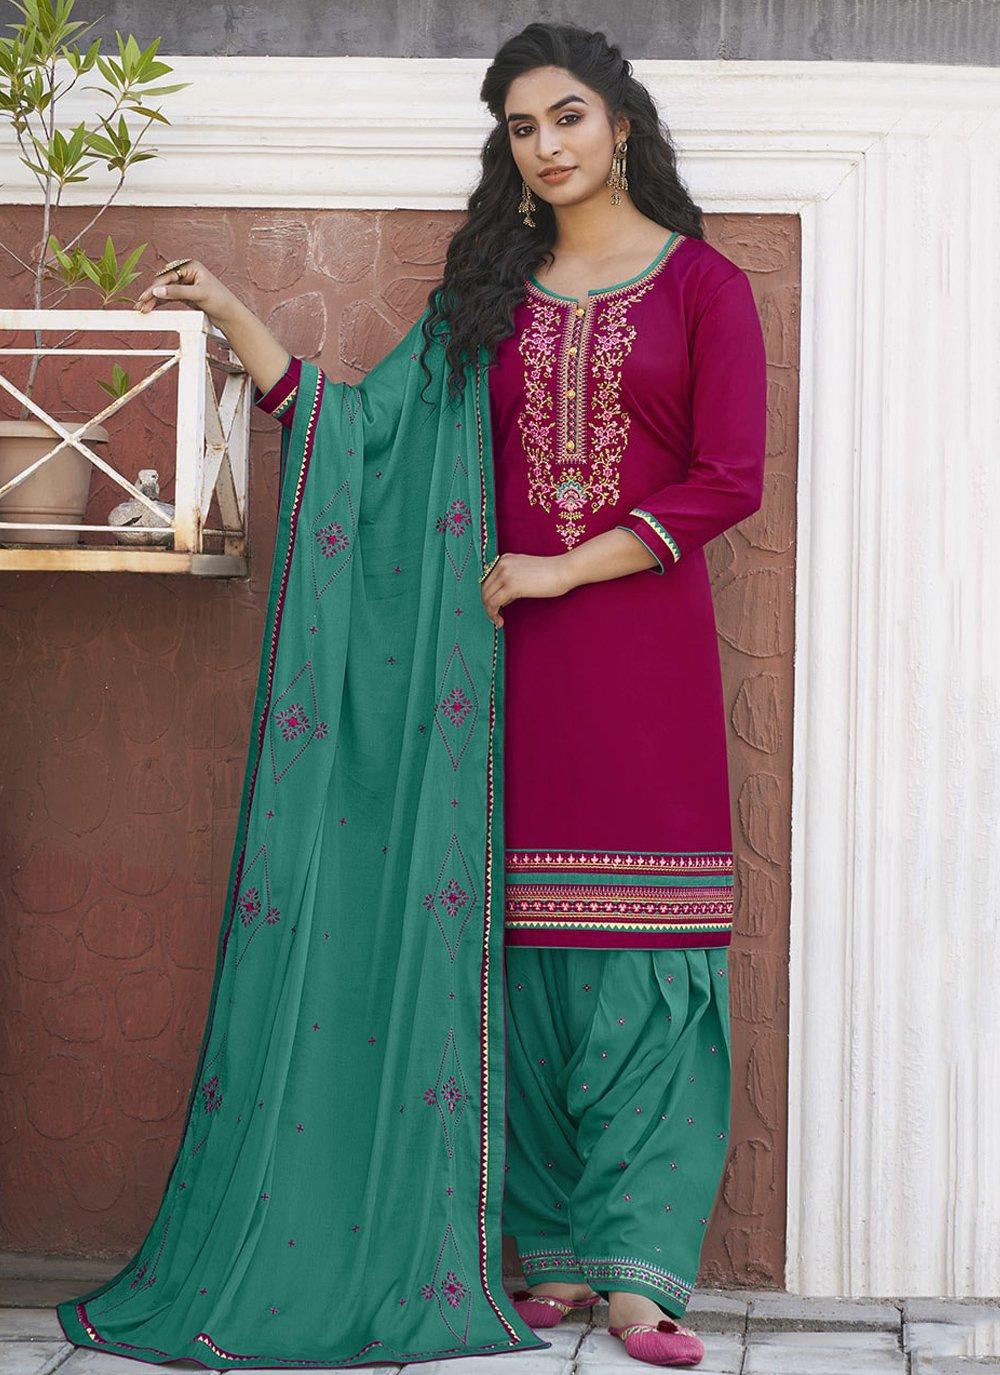 Embroidered Cotton Designer Patiala Suit
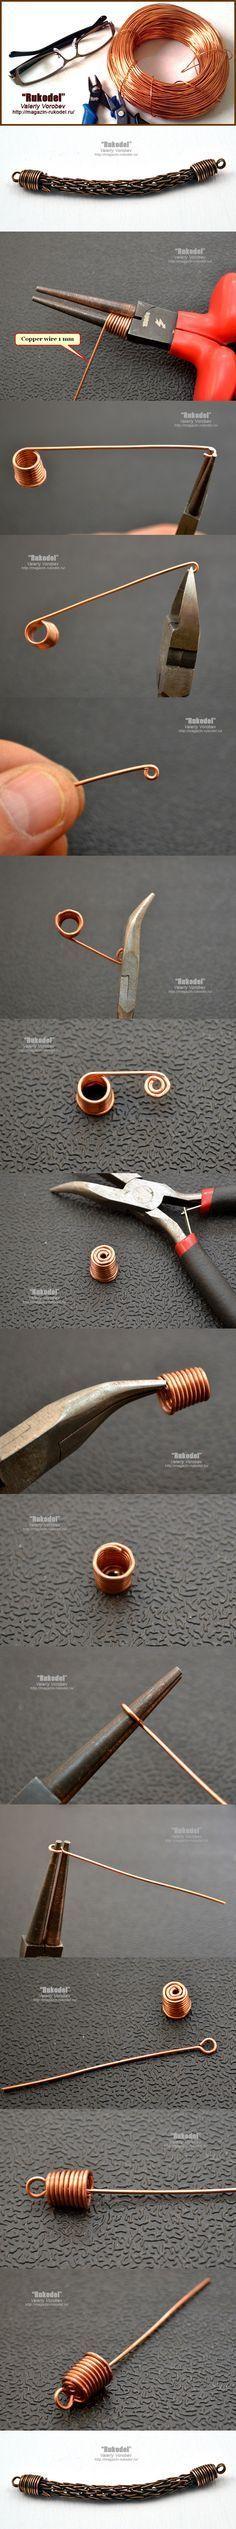 Tutorial DIY Wire Jewelry Image Description Caps of copper wire Концевики для бижутерии своими руками. | Рукодел
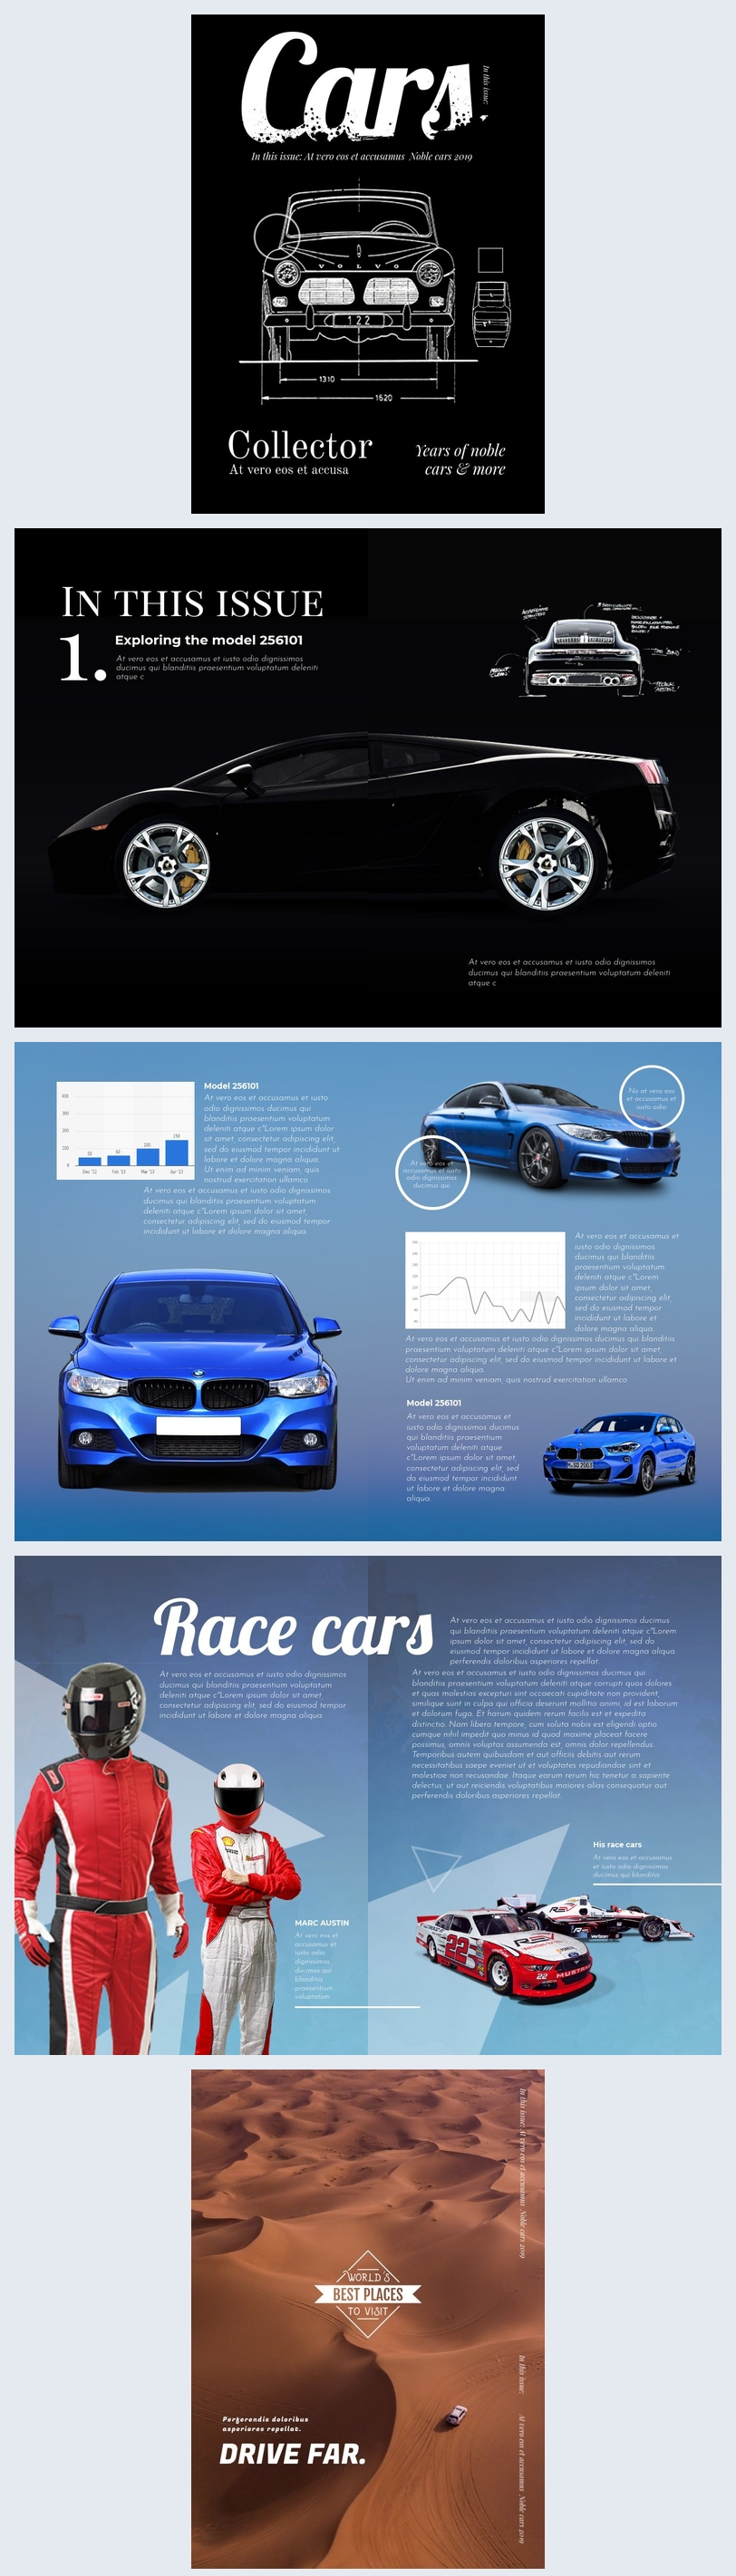 Car Magazine Template & Design
■ ■ ■
The task:
When you retype the material above, keep every word exact and drop the images.

Task solution:
 Embroidered Cotton Designer Patiala Suit
 Tutorial DIY Wire Jewelry Image Description Caps of copper wire Концевики для бижутерии своими руками. | Рукодел
 Car Magazine Template & Design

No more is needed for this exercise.